Like many new Christian movements, Word of Life has been criticized by other Christians, but in particular by the media. Many critics claim that Word of Life's teachings about health and economic abundance created a survival of the fittest attitude, in opposition to the Christian ascetic ideal of being poor and humble. Ekman and Word of Life always responded to this criticism by saying that they strongly believed in God's promises in the Bible. Ekman claimed that a false image was created in the Swedish media on Word of Life as being against, for example, disabled persons, when the outspoken message was that God promises deliverance from sickness.

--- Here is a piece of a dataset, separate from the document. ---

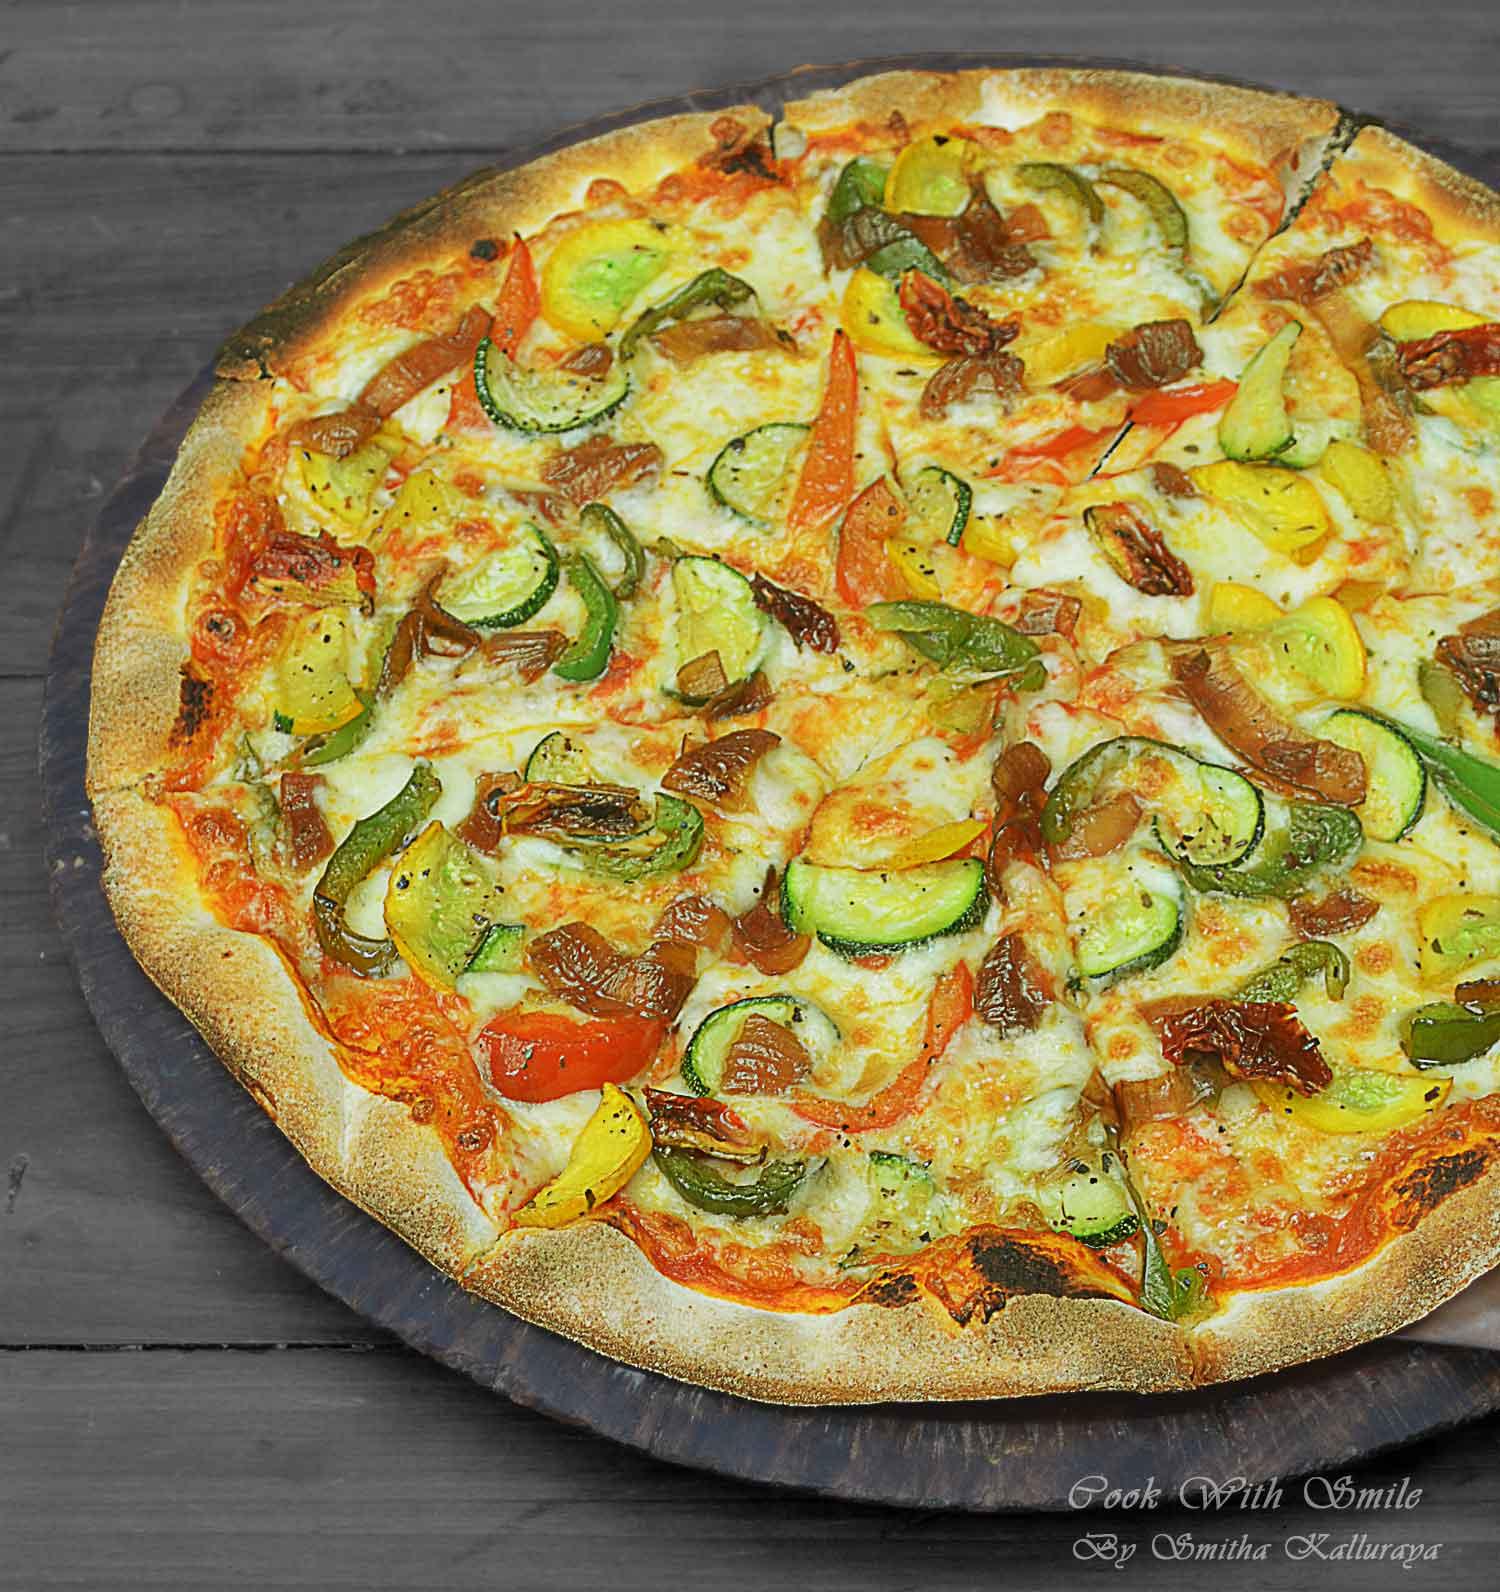 PIZZA ONLINE FROM FRESHMENU
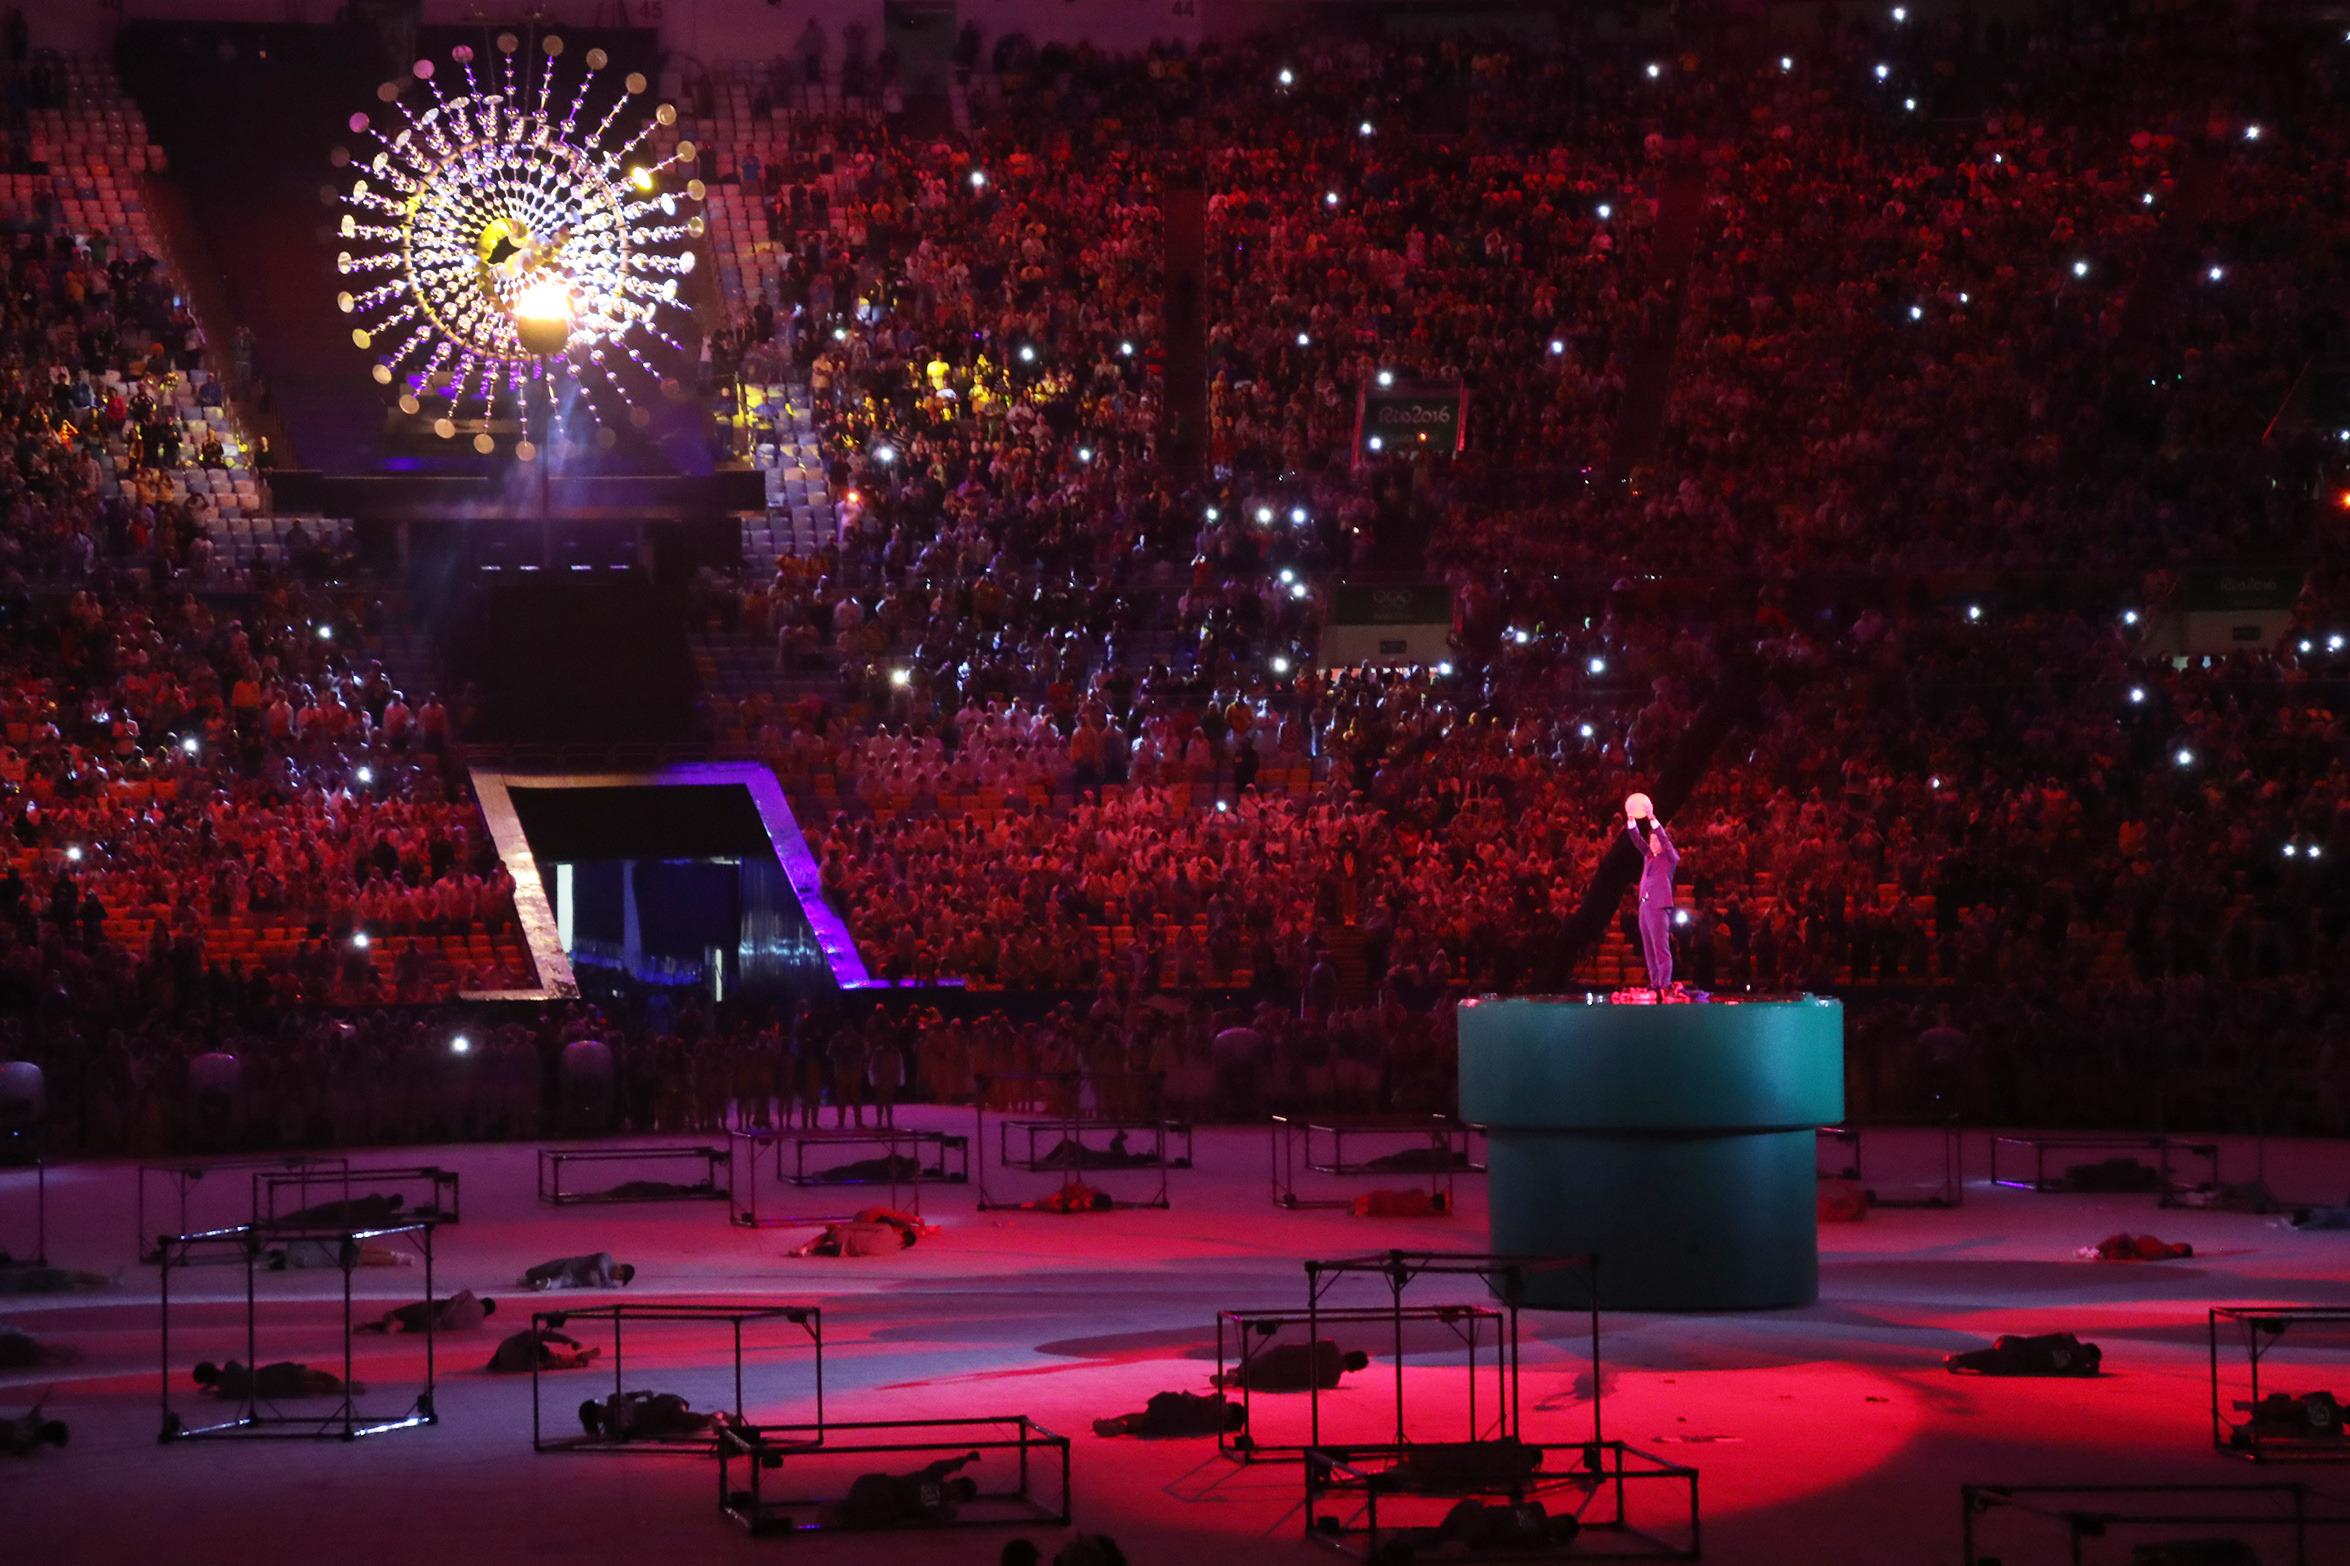 (160821) -- RIO DE JANEIRO, agosto 21, 2016 (Xinhua) -- El primer ministro de Japón, Shinzo Abe, sostiene un balón durante la ceremonia de clausura de los Juegos Olímpicos de Río de Janeiro 2016, en el Estadio Maracaná, en Río de Janeiro, Brasil, el 21 de agosto de 2016. Los Juegos Olímpicos del año 2020 se llevarán a cabo en Japón. (Xinhua/José Pazos/NOTIMEX) (rtg) (ce)

Ekman's theology, along with other representatives of the Word of Faith movement, was criticized for having gnostic elements. A thesis written by Kent Gunnarsson at Umeå University, published in 2004, had this claim. The opponent at the dissertation, Professor Alexander Radler, criticized Gunnarsson for a too-wide definition of Gnosticism. Radler appreciated Gunnarsson's thesis for its rich information about modern Gnosticism, but thought that Ekman's teachings could not be seen as gnostic. Ekman's own attitude against Gnosticism is negative.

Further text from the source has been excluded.